Work item: This calls for a word-for-word copy of all the data, with each picture removed.

Dataset section:
↓↓↓

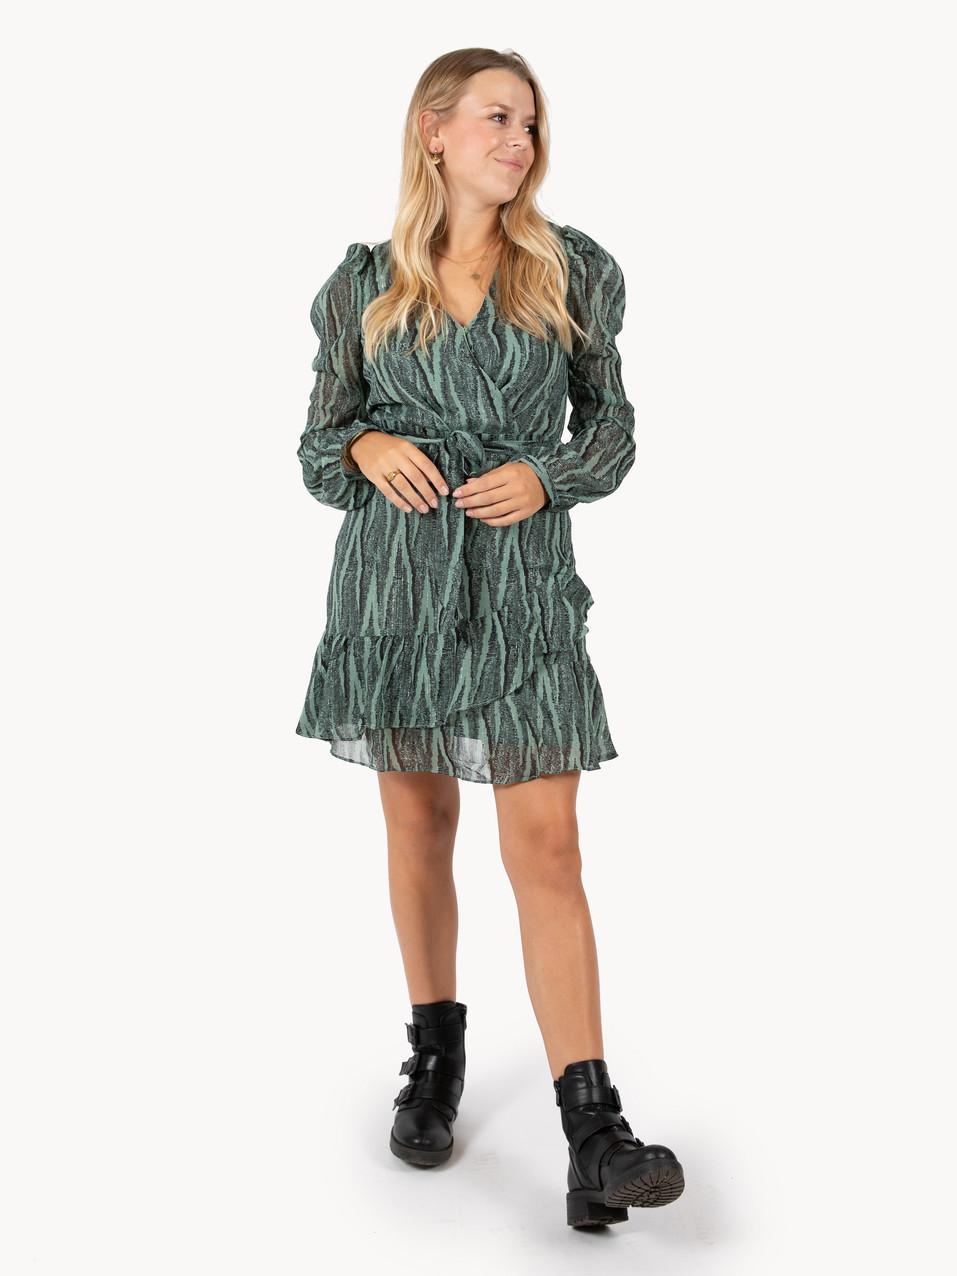 groen-jurkje-1.jpg
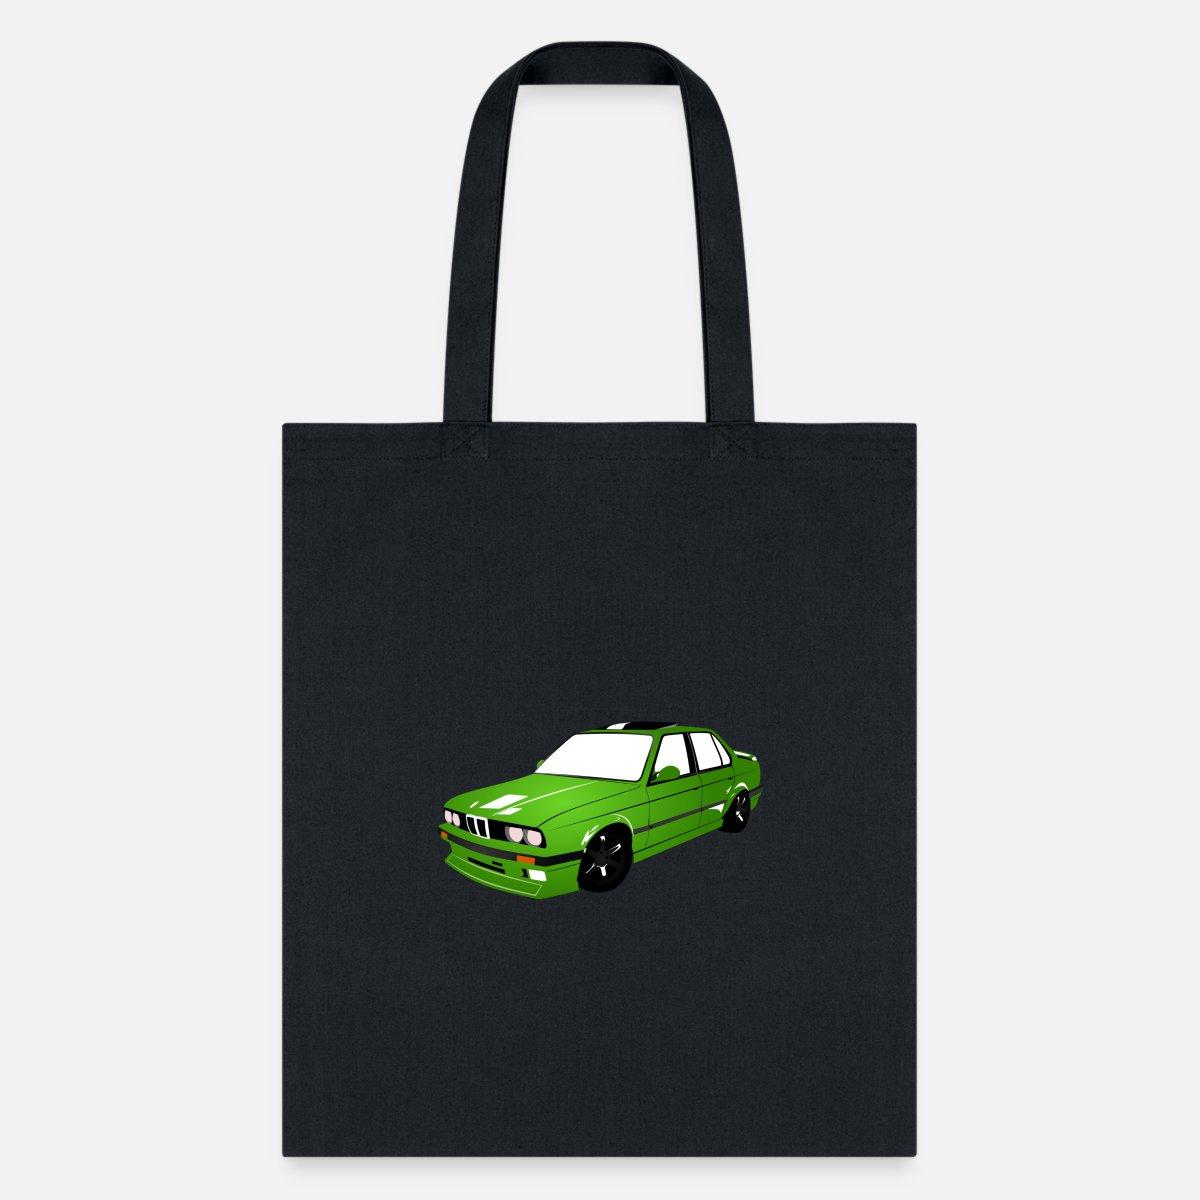 01649d441d6 Bmw e tote bag spreadshirt jpg 1200x1200 Bmw shoping bags
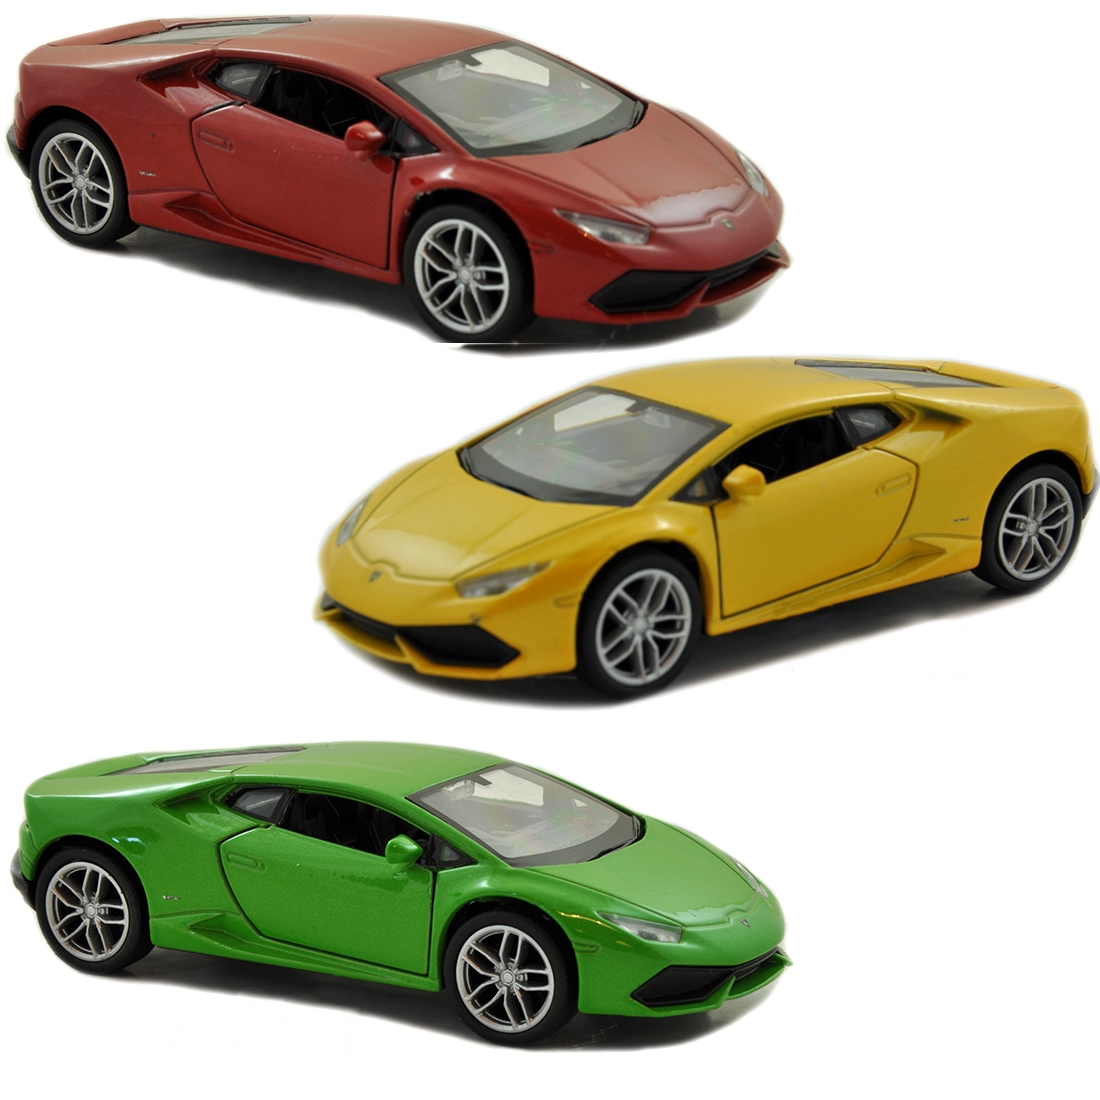 Модель машины Lamborghini Huracan, 1:34-39 LP 610-4Lamborghini<br>Модель машины Lamborghini Huracan, 1:34-39 LP 610-4<br>
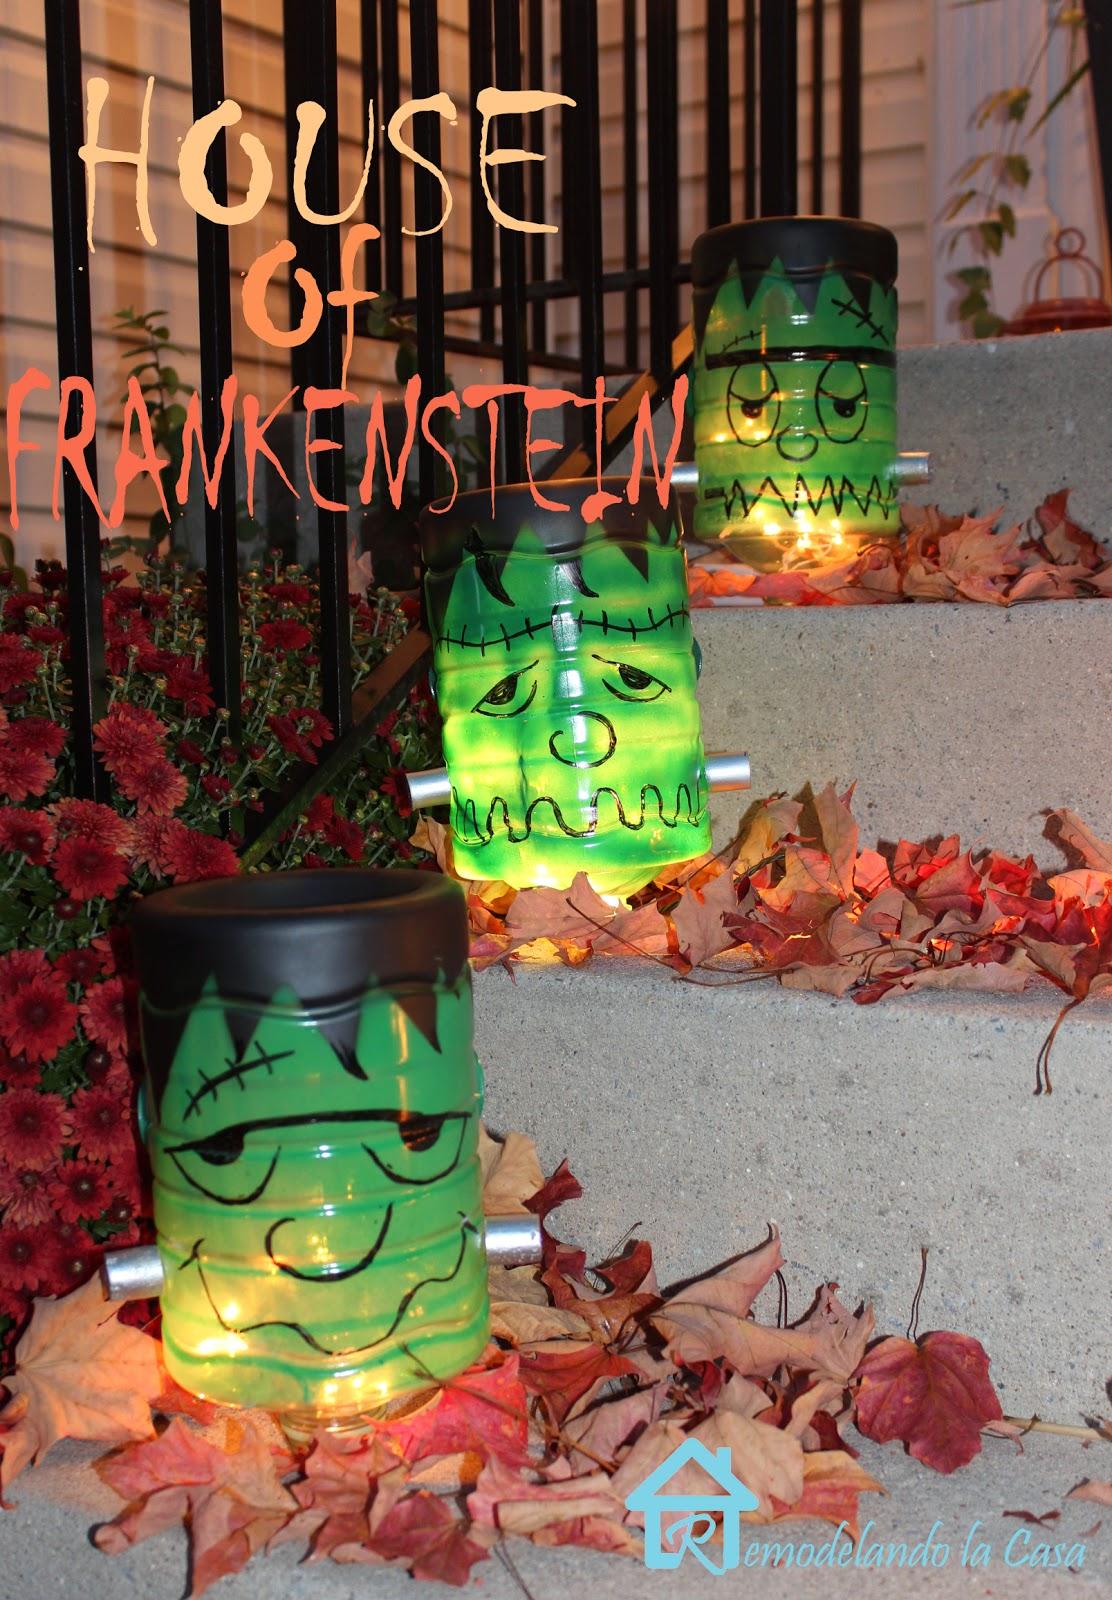 Frankenstein Decorations for Halloween Remodelando la Casa

↑↑↑

Solution to this problem:
 groen-jurkje-1.jpg
 01649d441d6 Bmw e tote bag spreadshirt jpg 1200x1200 Bmw shoping bags
 Модель машины Lamborghini Huracan, 1:34-39 LP 610-4Lamborghini<br>Модель машины Lamborghini Huracan, 1:34-39 LP 610-4<br>
 Frankenstein Decorations for Halloween Remodelando la Casa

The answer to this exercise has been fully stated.